How does the formatter know when to switch the direction of presentation? It knows by the range of Unicode characters used in each word. Part of the information in the Unicode standard is the text direction that each range of characters is expected to be presented in. Latin letters are to be presented left to right, and Hebrew characters from right to left. Modern browsers and XSL-FO processors use that information to decide the direction of presentation. In mixed language text, sometimes called bidirectional text, the direction can change in mid-sentence. When a formatter encounters a bit of text that should be displayed in the opposite direction, it has to read forward to find the end of such text, print it out character-by-character reading backwards from the end, and then resume normal layout of the text that follows.

There are some combinations of text that make this task harder for the formatter.
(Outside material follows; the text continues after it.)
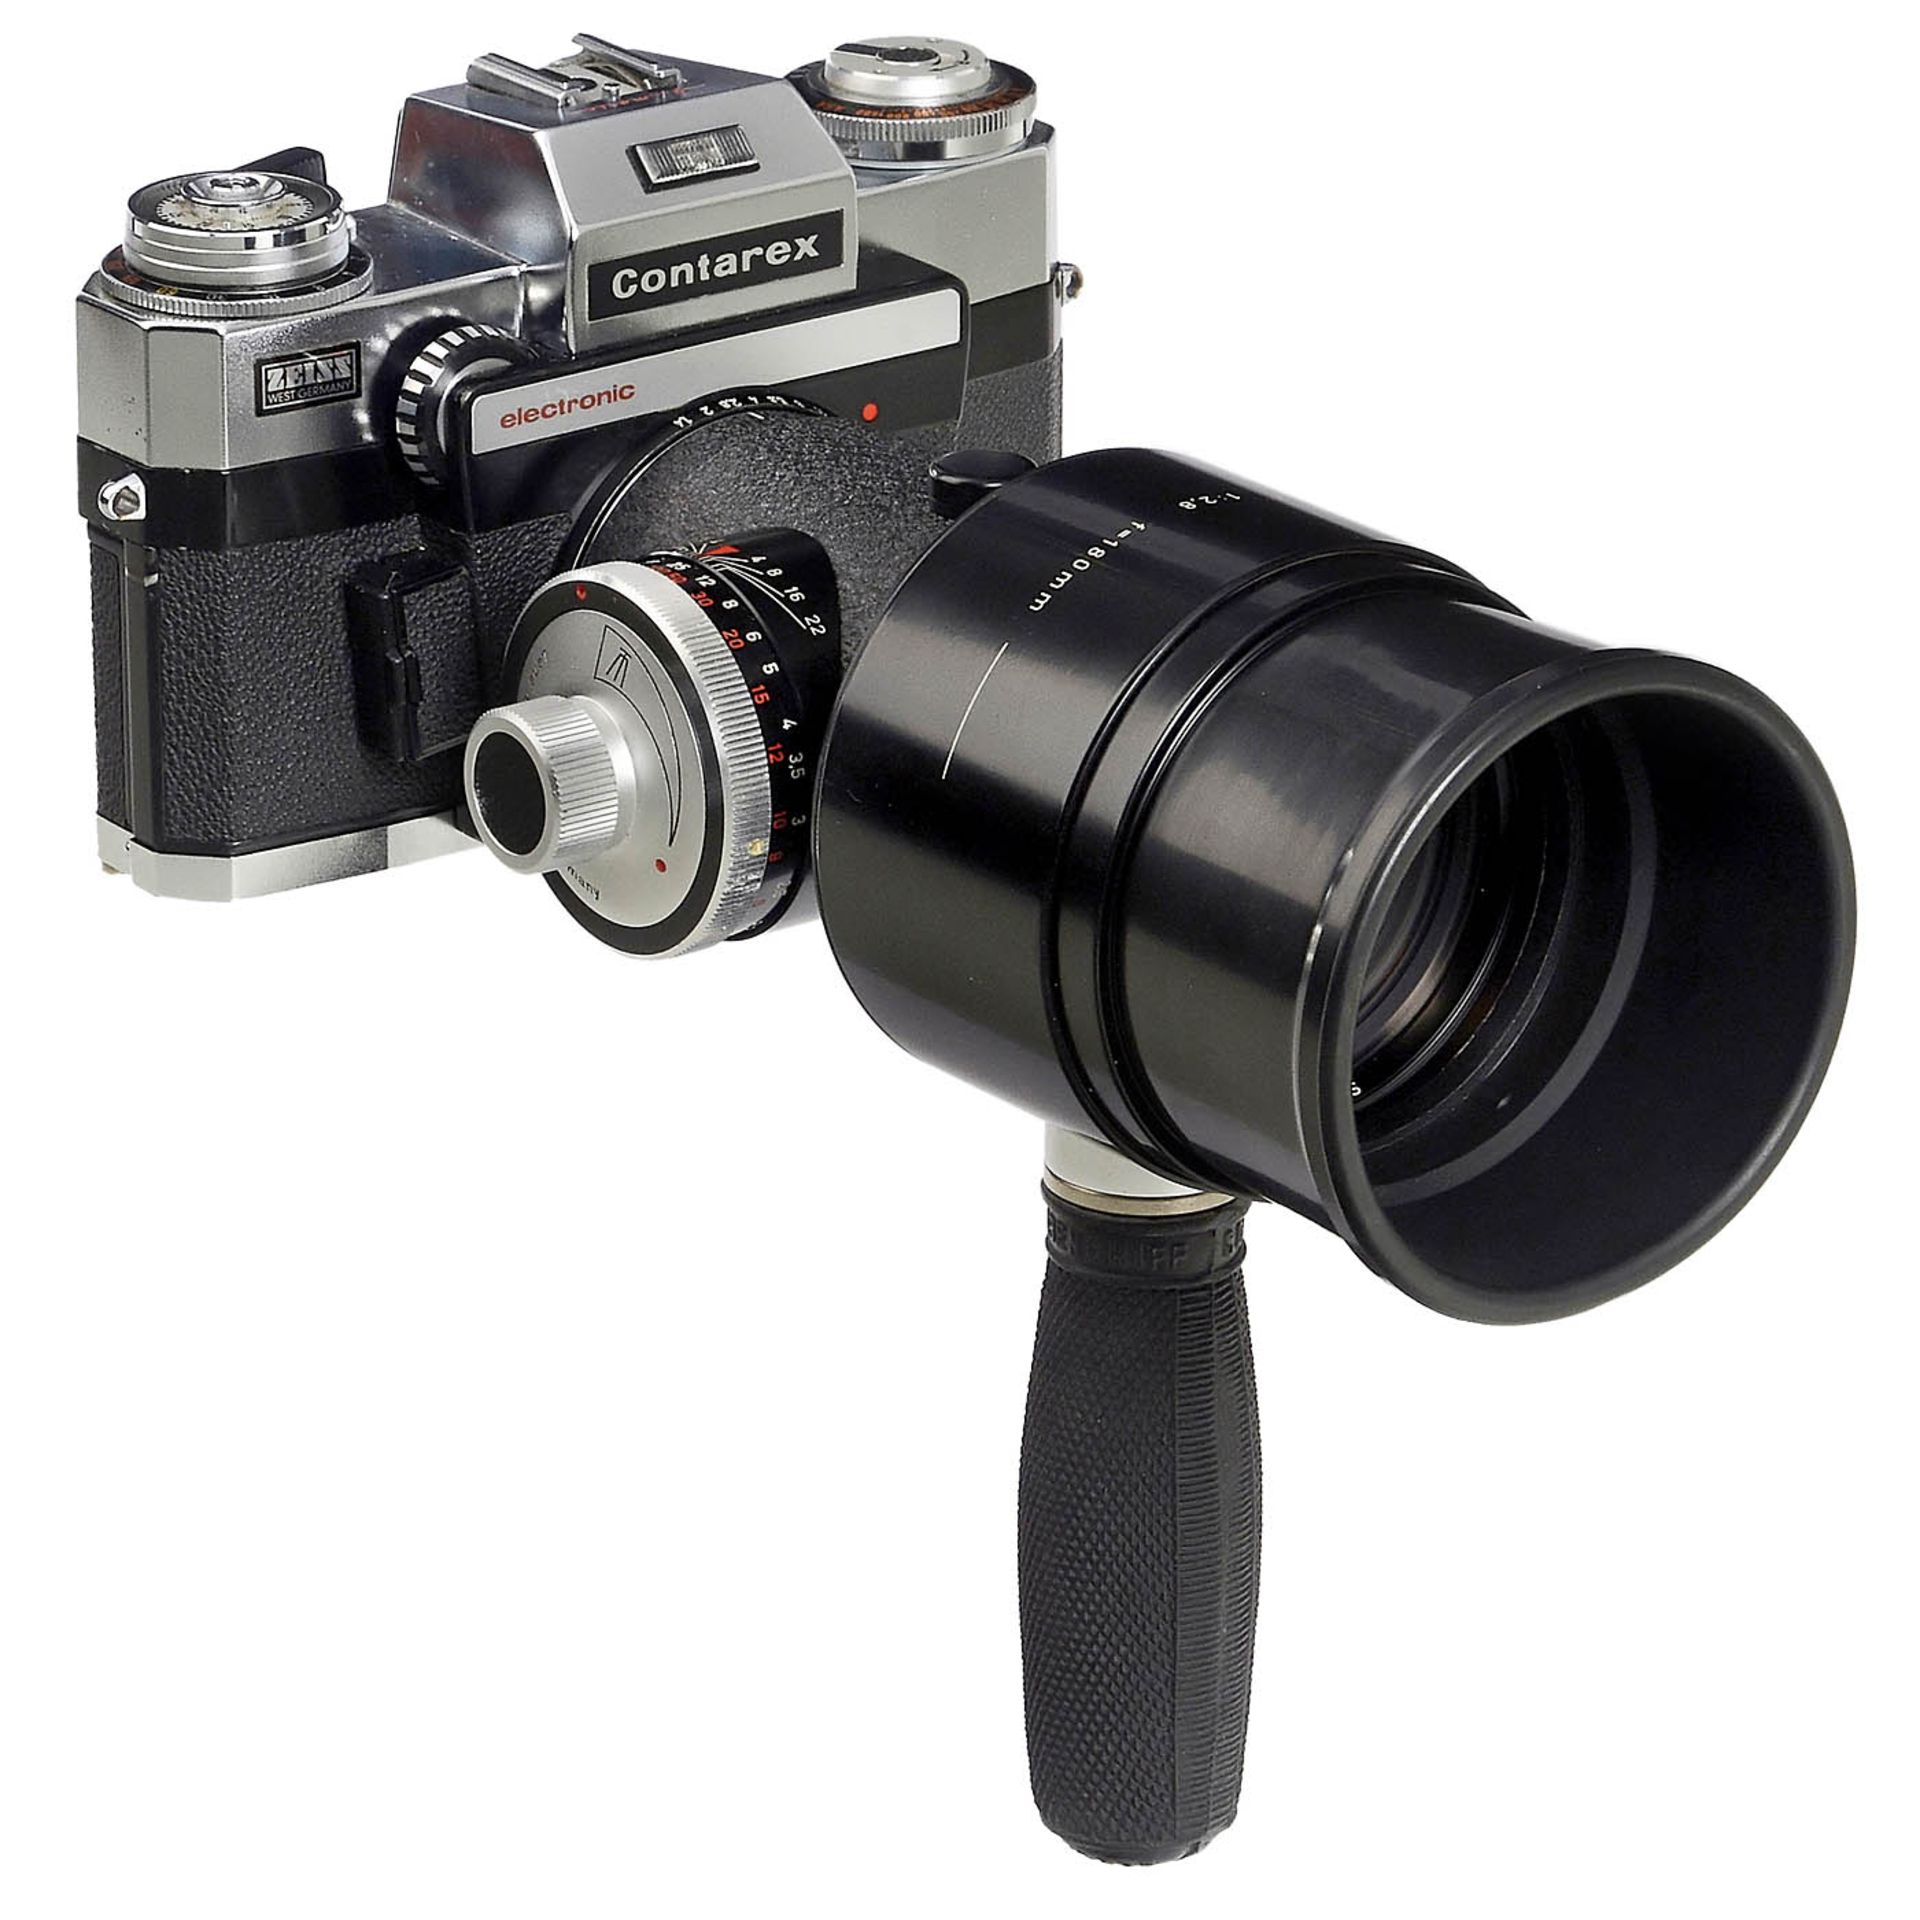 Contarex Sonnar 2.8/180 mm Lens and Contarex electronic Camera - Bild 2 aus 3

Punctuation, parentheses, numbers mixed with letters, and other combinations may present ambigous information to the formatter. In such cases, the author may need to provide some help to the formatter through the XML markup.

The DocBook schemas starting with version 4.3 have supported an attribute named dir on almost all elements. The dir attribute provides a hint to the formatter for which direction to display the text enclosed by the element with that attribute. There are four possible values:

dir attribute valueUnicode NameDescription
ltrLeft-to-Right Embedding Embed a span of left-to-right characters inside right-to-left text.
rtlRight-to-Left Embedding Embed a span of right-to-left characters inside left-to-right text.
lroLeft-to-Right Override Force the characters to be treated as strong left-to-right characters.
rloRight-to-Left Override Force the characters to be treated as strong right-to-left characters.
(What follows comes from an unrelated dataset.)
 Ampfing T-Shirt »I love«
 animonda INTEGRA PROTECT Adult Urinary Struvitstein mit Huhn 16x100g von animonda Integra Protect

You can put a dir attribute on any inline element. Use phrase if the text is not already inside an inline element. That is particularly useful for problems with parentheses or punctuation. You do not need to write a customization in order for these attribute values to have their effect. They automatically output the correct properties in HTML or XSL-FO for inline text elements. Then it is up to the browser or XSL-FO processor to handle it.

Start and end

When working with a language such as Hebrew or Arabic that reads right to left, you need to pay attention to the XSL-FO start and end terminology. These designate the two sides of a page, but which side each refers to depends on the writing mode (see the section “Writing mode” for details). The term start refers to the side of a page that a sentence starts from. With the default writing-mode="lr-tb", the term start refers to the left side. If you set writing-mode="rl-tb" (right to left), then start means the right side. In each case, end means the opposite side, where a sentence ends.

For example, when you set the body.start.indent stylesheet parameter to indent paragraphs relative to titles, it inserts a start-indent property in the XSL-FO output. That creates an indent on the left by default. But when you use right-to-left writing mode, the indents will be on the right, which is appropriate for those languages.